ISS incide sobre atividades do Hopi Hari, diz STJ

O município é competente para instituir lei sobre Imposto sobre Serviços (ISS). Com esse entendimento, o Superior Tribunal de Justiça manteve a incidência do imposto sobre sobre as atividades do parque temático Hopi Hari. O STJ acatou Recurso Especial da Fazenda Pública do município e reconheceu a alegada ofensa ao princípio da reserva de plenário.

A Primeira Turma do STJ anulou a decisão do Tribunal de Alçada Civil do Estado de São Paulo, que havia afastado a incidência da Lei Complementar 02/1997, do município de Vinhedo, que instituiu o Imposto sobre Serviços (ISS). A empresa de diversões afirmou, em seu pedido, que o município não tem competência tributária para instituir tal imposto.

“A declaração de inconstitucionalidade exercida por meio difuso pelos tribunais deve seguir o procedimento disposto nos artigos 480 e 481 do CPC, em respeito ao princípio da reserva de plenário”, considerou o ministro Luiz Fux, relator do caso no STJ, ao votar pelo provimento do recurso do município.

Ao anular a decisão, o ministro observou, ainda, que somente o Órgão Especial ou Plenário da Corte tem autorização para a emissão do juízo de incompatibilidade do preceito normativo com a Magna Carta brasileira, “restando os órgãos fracionários dispensados dessa obrigação apenas se a respeito da questão constitucional já houver pronunciamento do Órgão competente do Tribunal ou do Plenário do Supremo Tribunal Federal”.

De acordo com os autos, a questão teve início quando o parque temático Playcenter, proprietário do Hopi Hari, impetrou Mandado de Segurança contra suposto ato ilegal do secretário da Fazenda do município.
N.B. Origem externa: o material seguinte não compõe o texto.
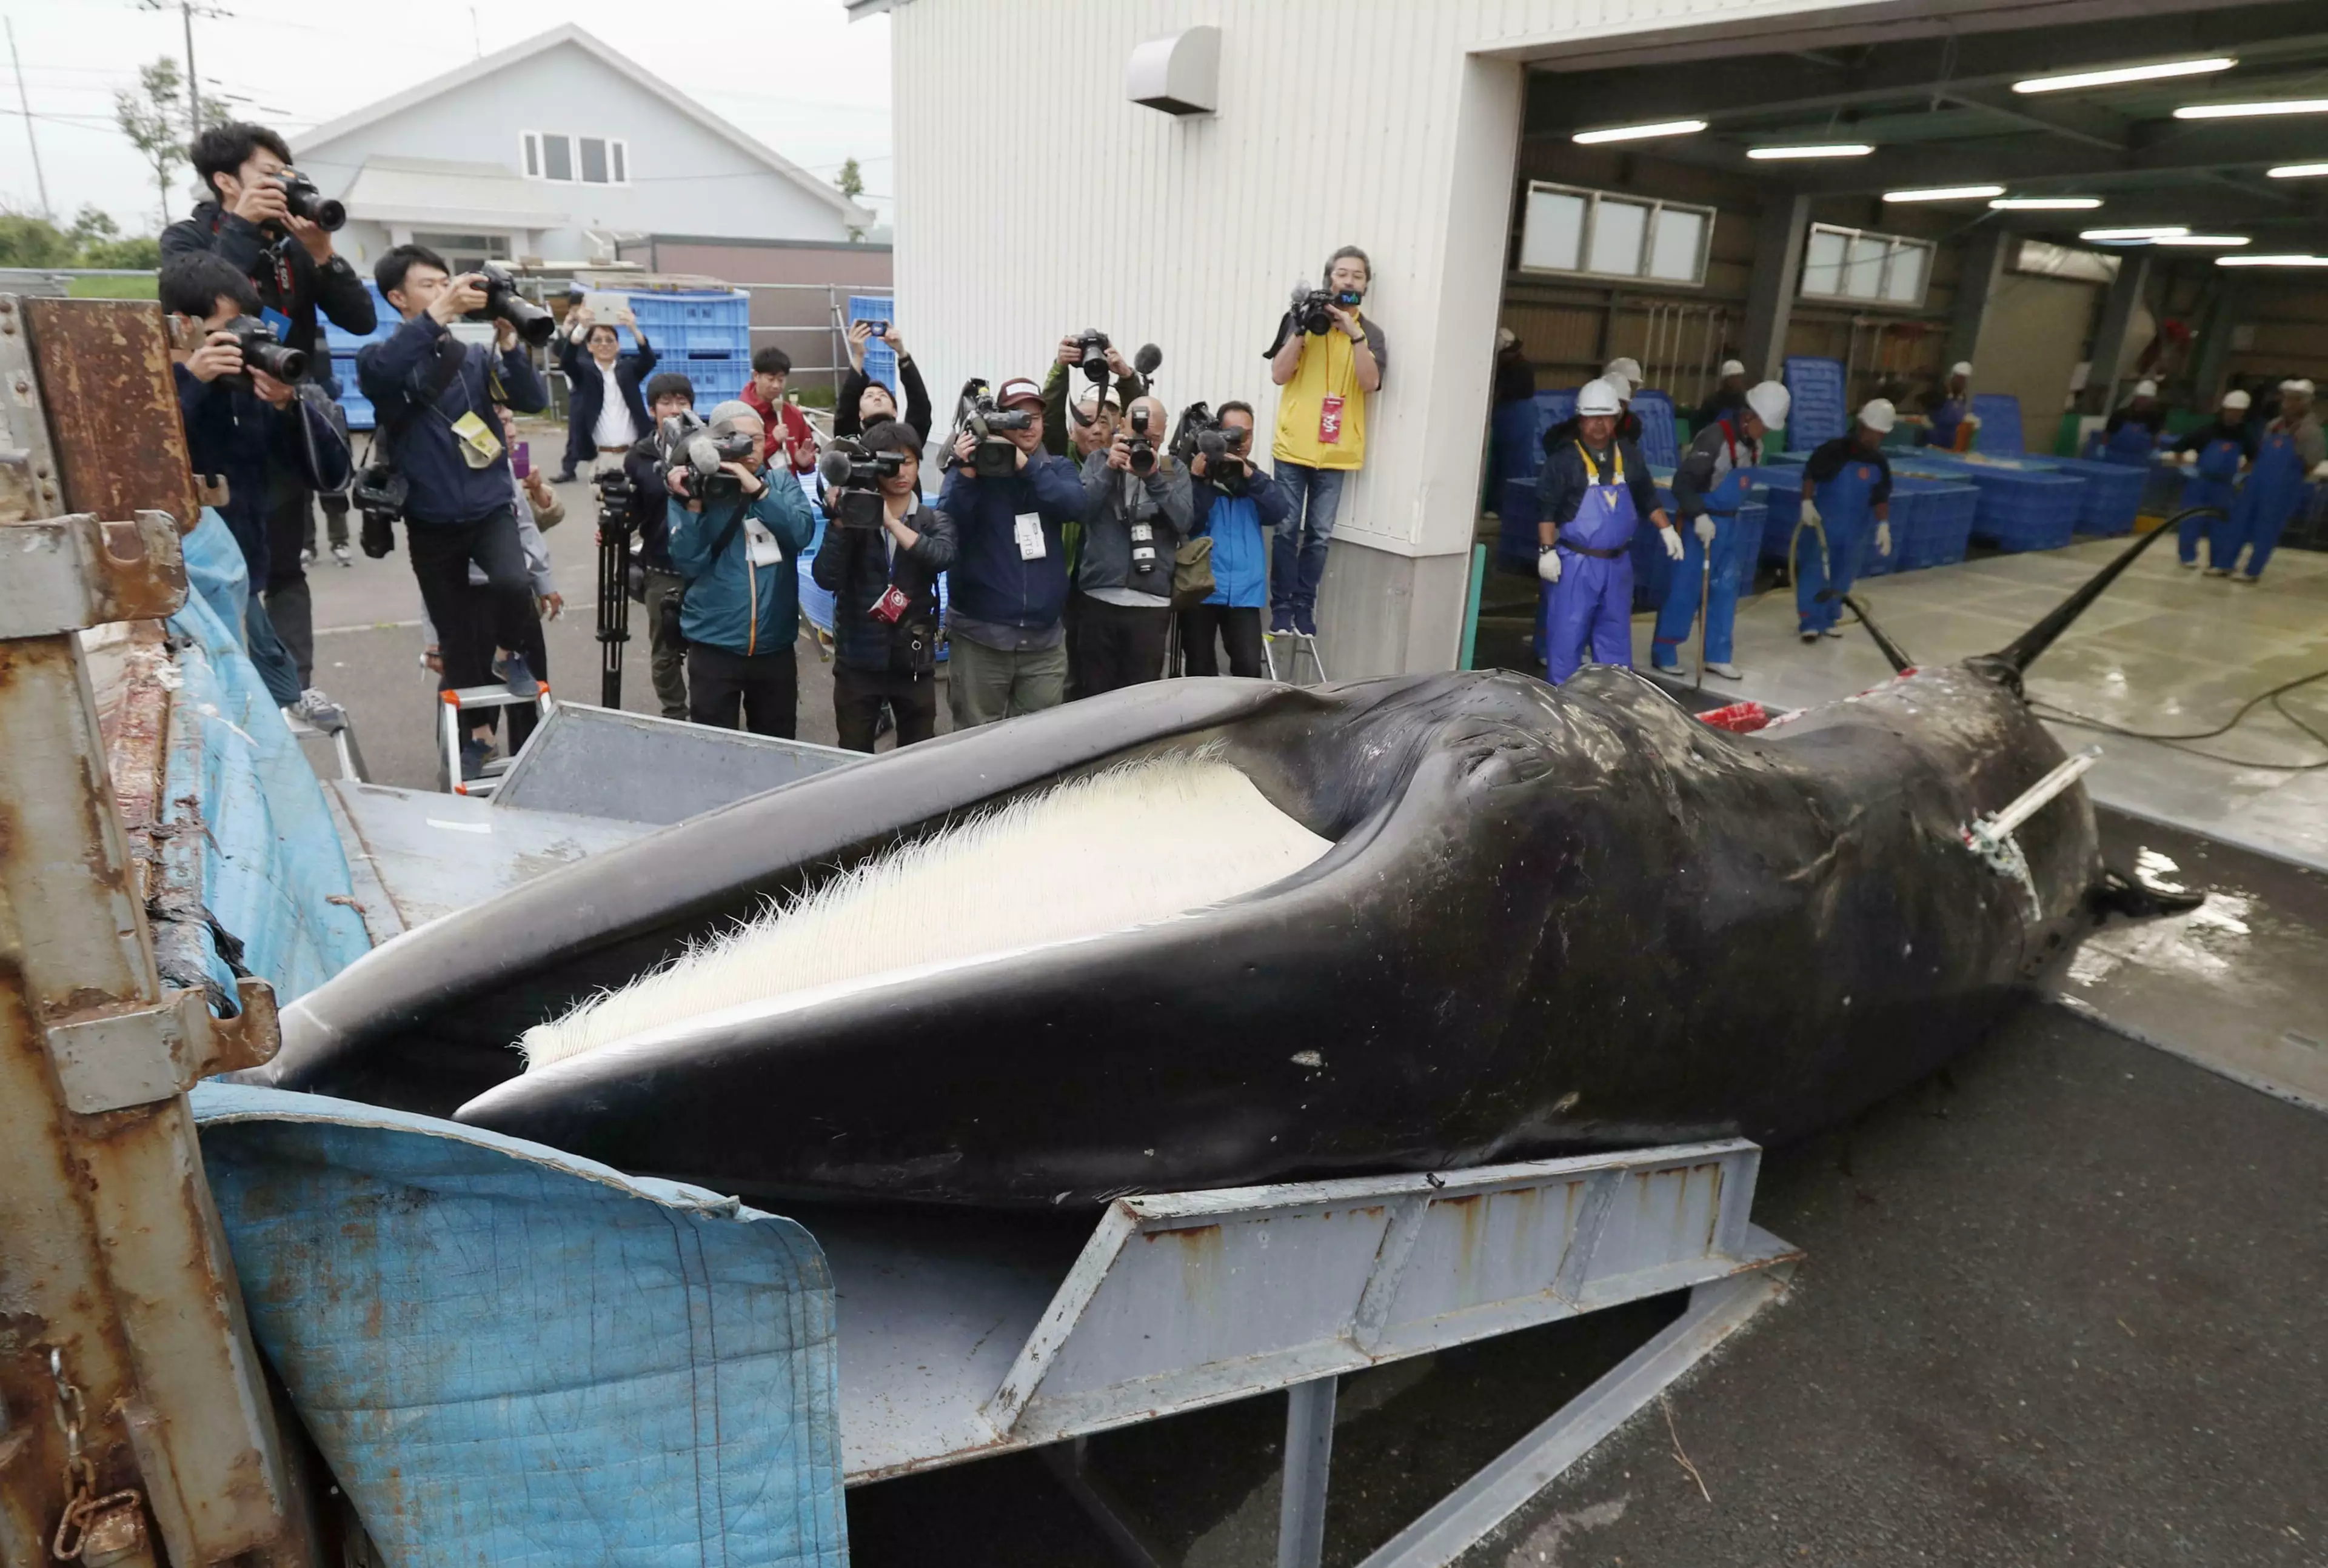 Commercial whaling has been reinstated in Japan.

Pediu o reconhecimento de seu direito líquido e certo "à não tributação, pelo ISS, dos serviços prestados por parques de diversões, em face da ilegalidade e inconstitucionalidade da LC 02/97, do Município de Vinhedo".

No Mandado de Segurança, afirmou que, no desenvolvimento da atividade de parque de diversões, inaugurou e manteve no município o moderno parque Hopi Hari. “Ocorre que o município de Vinhedo está exigindo o recolhimento do ISS sobre a aludida atividade, fundamentando sua exigência na Lei Complementar 02, de 10/12/97, a qual prevê parque de diversões como serviço tributável pelo ISS à alíquota de 5%”, afirmou.
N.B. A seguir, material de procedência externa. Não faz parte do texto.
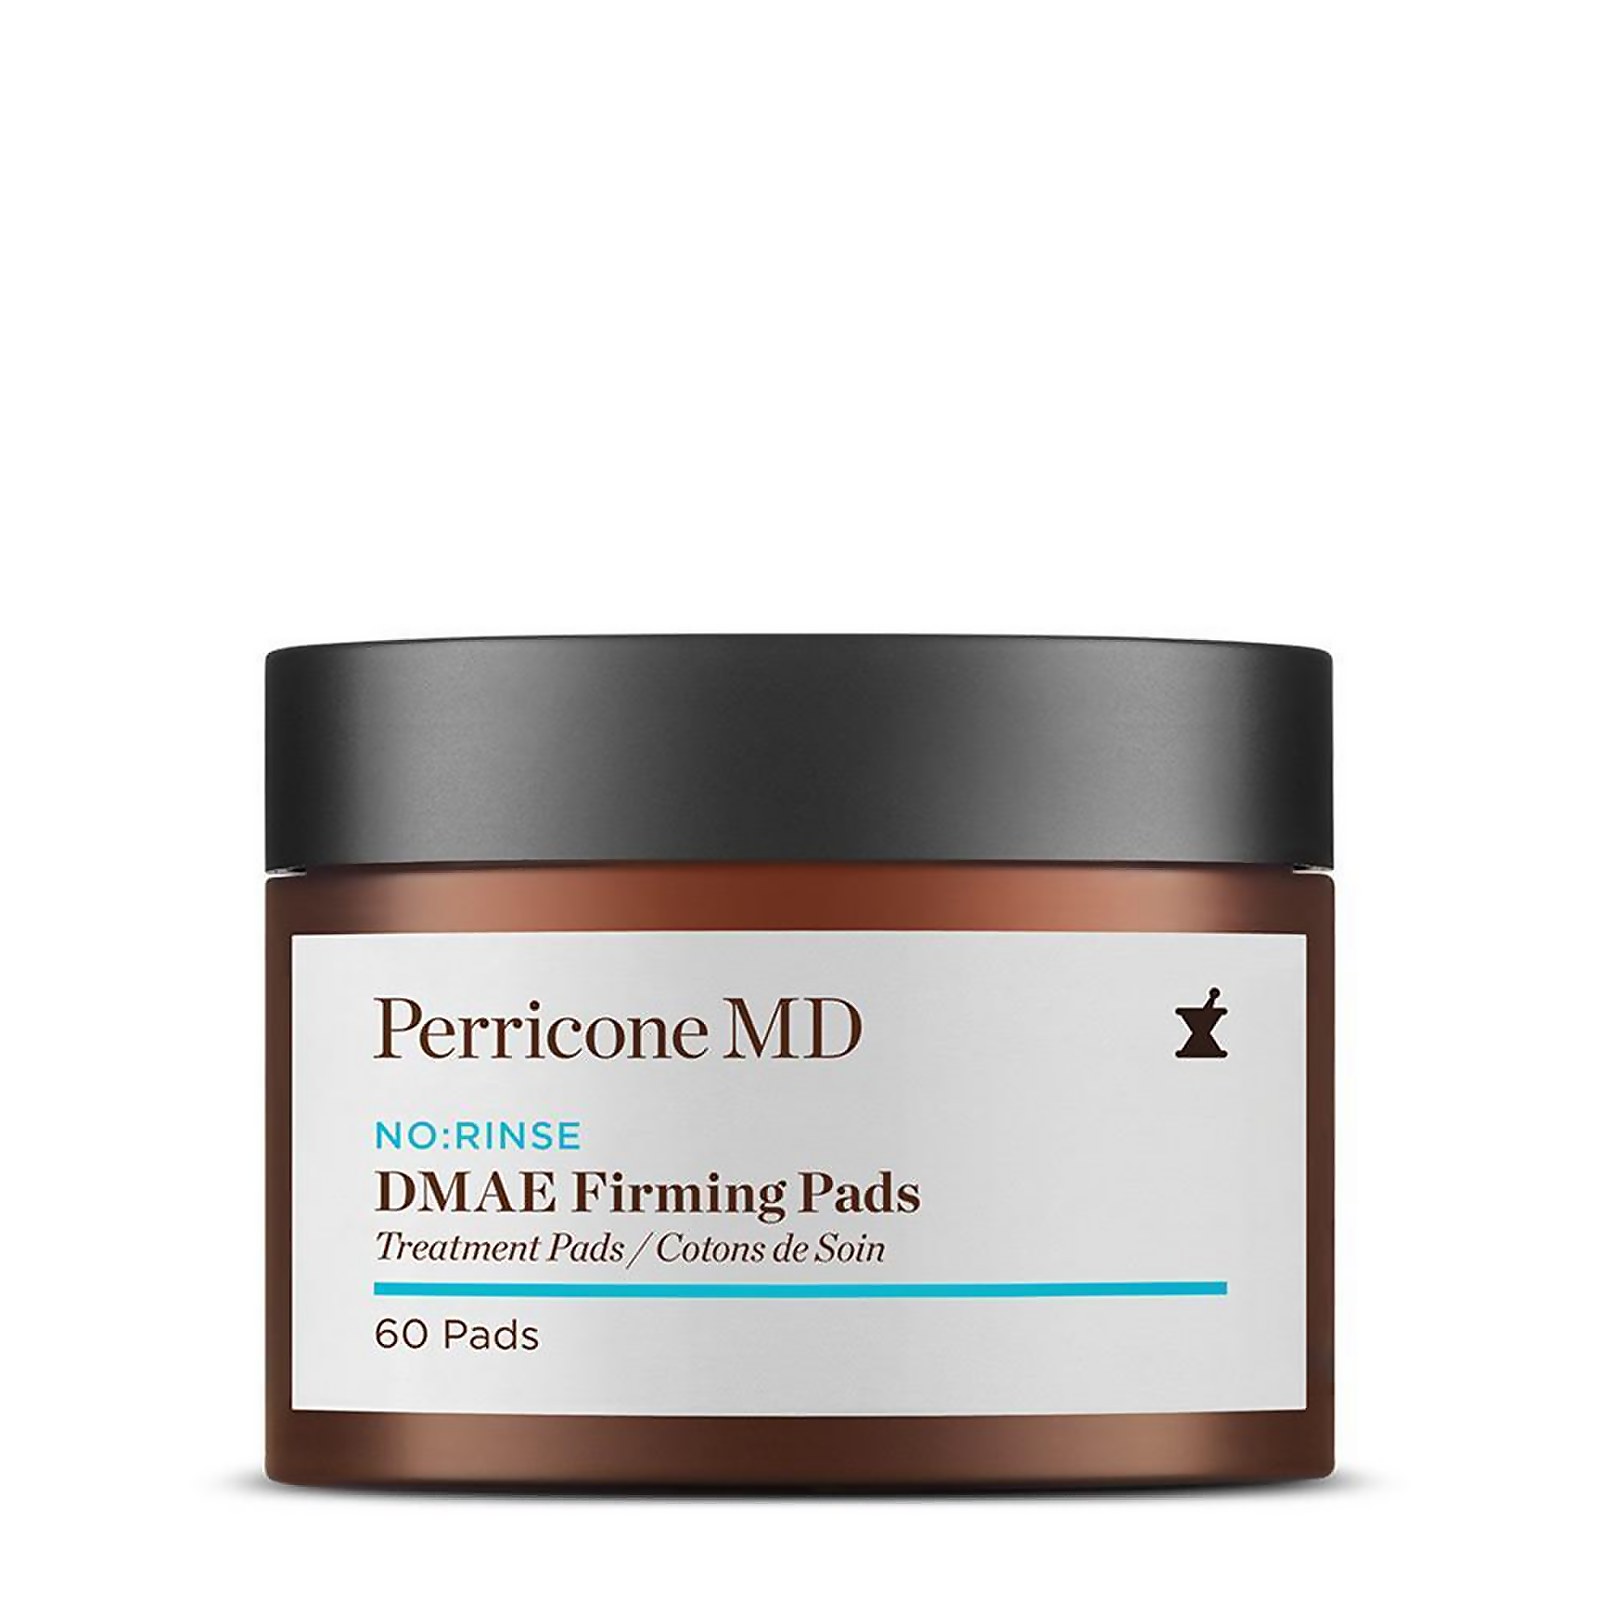 Perricone Md Dmae Firming Pads

Segundo o parque, ao editar a citada lei, o município de Vinhedo excedeu sua competência tributária na medida em que, contrariando o que dispõe o artigo 8º do Decreto-Lei 406/68 e o artigo 156, inciso III, da Constituição Federal, incluiu parque de diversões entre os serviços tributáveis pelo ISS. “Criou, portanto, (...) tributo absoluta e irremediavelmente inconstitucional. Inexigível, portanto!", assinalou.

Inicialmente, foi indeferida liminar e posteriormente houve sentença julgando improcedente o pedido. Segundo o juiz, a lista anexa ao Decreto-Lei 406/68, com a redação dada pela Lei Complementar 56/87, é meramente exemplificativa, em respeito ao princípio constitucional da autonomia municipal de instituir seus tributos, consagrado no artigo 30, inciso III, da Constituição de 1988.
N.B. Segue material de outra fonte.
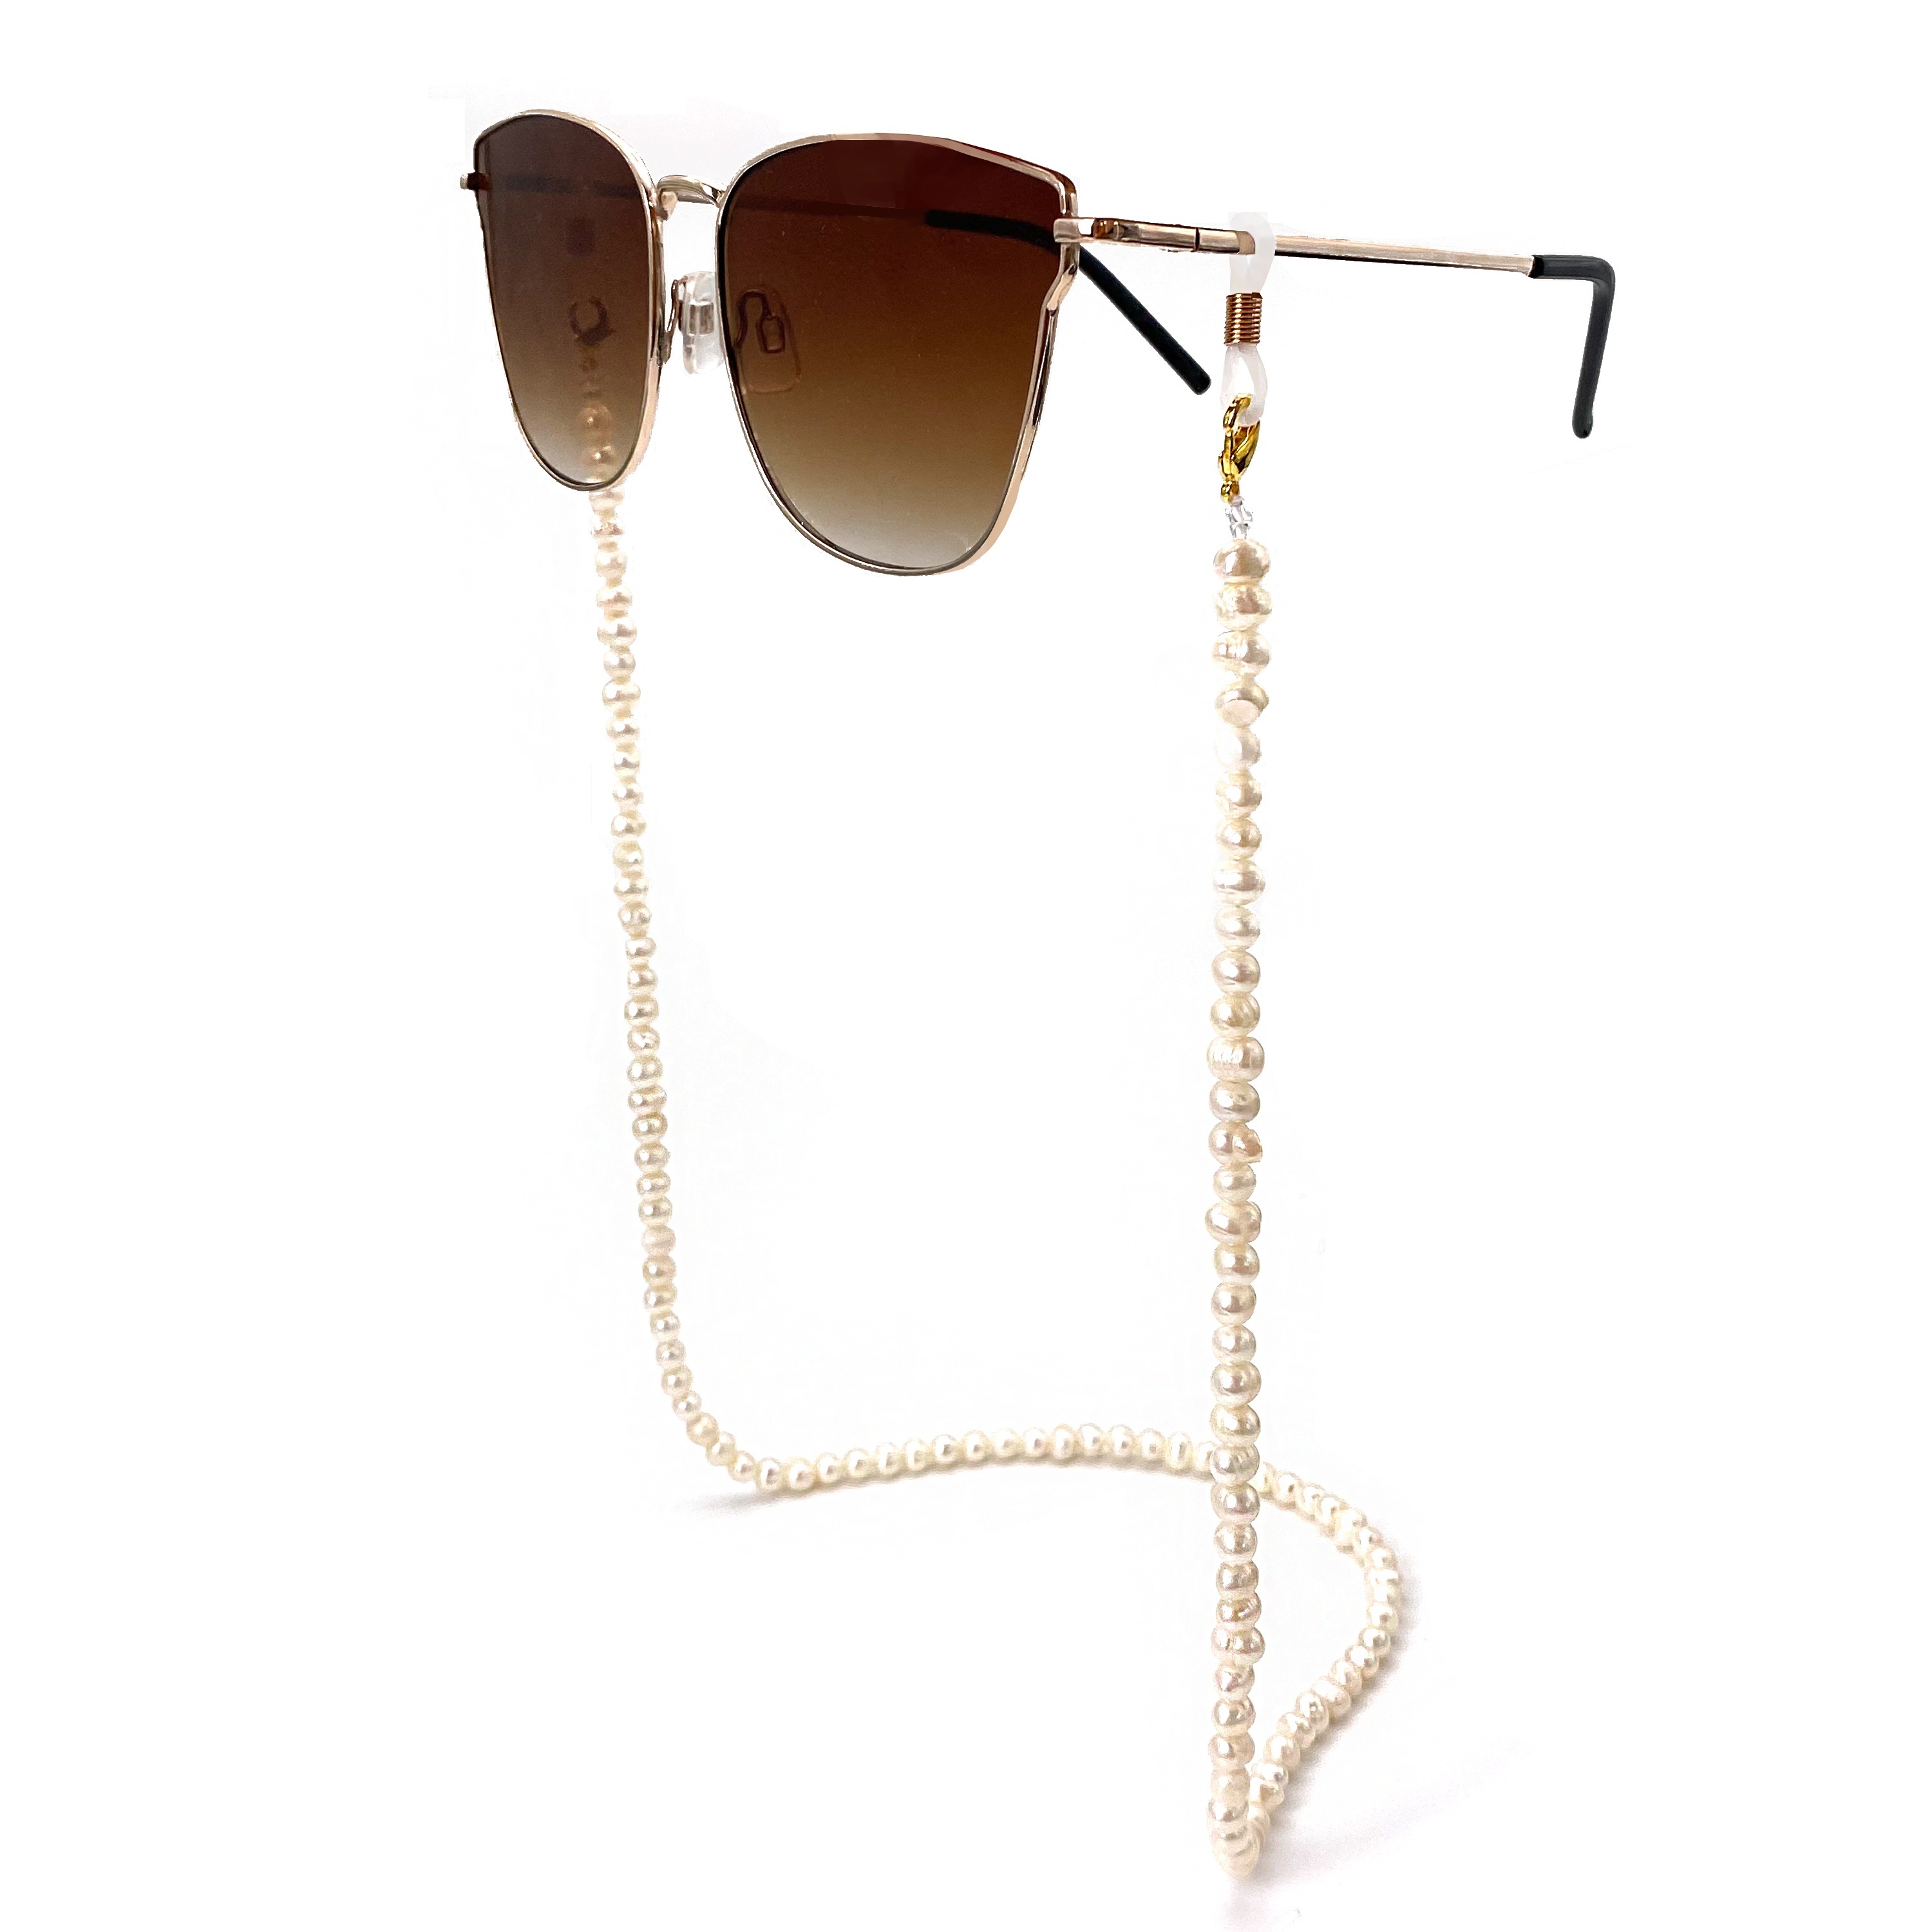 Faux Pearl Glasses Chain  Sunglass Strap in Gold with Pearls

A empresa apelou e a 12ª Câmara do tribunal de origem deu provimento, concedendo a segurança pleiteada. “Os municípios podem instituir ISSQN, observando, entretanto, os limites constitucionais e legais que são estabelecidos pelo artigo 156, inciso III, da CF/1988, e pela lista anexa ao DL n. 406/68. O legislador municipal pode atuar, livremente, dentro dos limites impostos pela CF e pela lista de serviços do decreto-lei mencionado, não podendo ir além, tributando serviços que dela não constam”, considerou o tribunal.

No Recurso Especial dirigido ao STJ, a Fazenda Pública municipal pediu a reforma da decisão, sustentando ofensa aos artigos 480 e 481 do Código de Processo Civil (CPC). "A inclusão do serviço de diversões públicas na lista anexa à Lei Complementar municipal n. 02/97 atendeu todos os ditames constitucionais, uma vez que respeitou o princípio da autonomia municipal, e, ainda, por não estar obrigado a respeitar ditames de lei considerada inconstitucional, como é o caso da Lei Complementar n. 56/87". Com informações da Assessoria de Imprensa do Superior Tribunal de Justiça.

Resp 976.549

Revista Consultor Jurídico, 13 de abril de 2010, 17h49

Comentários de leitores

1 comentário

VAMOS ACABAR COM ESSA TAL FEDERAÇÃO

Luiz Pereira Carlos (Técnico de Informática)

O Brasil deveria acabar de vez com a Federação, criar um sistema parlamentarista confederado onde cada estado crie sua constituição e suas leis. O que não da pra fazer é essa bagunça legislativa...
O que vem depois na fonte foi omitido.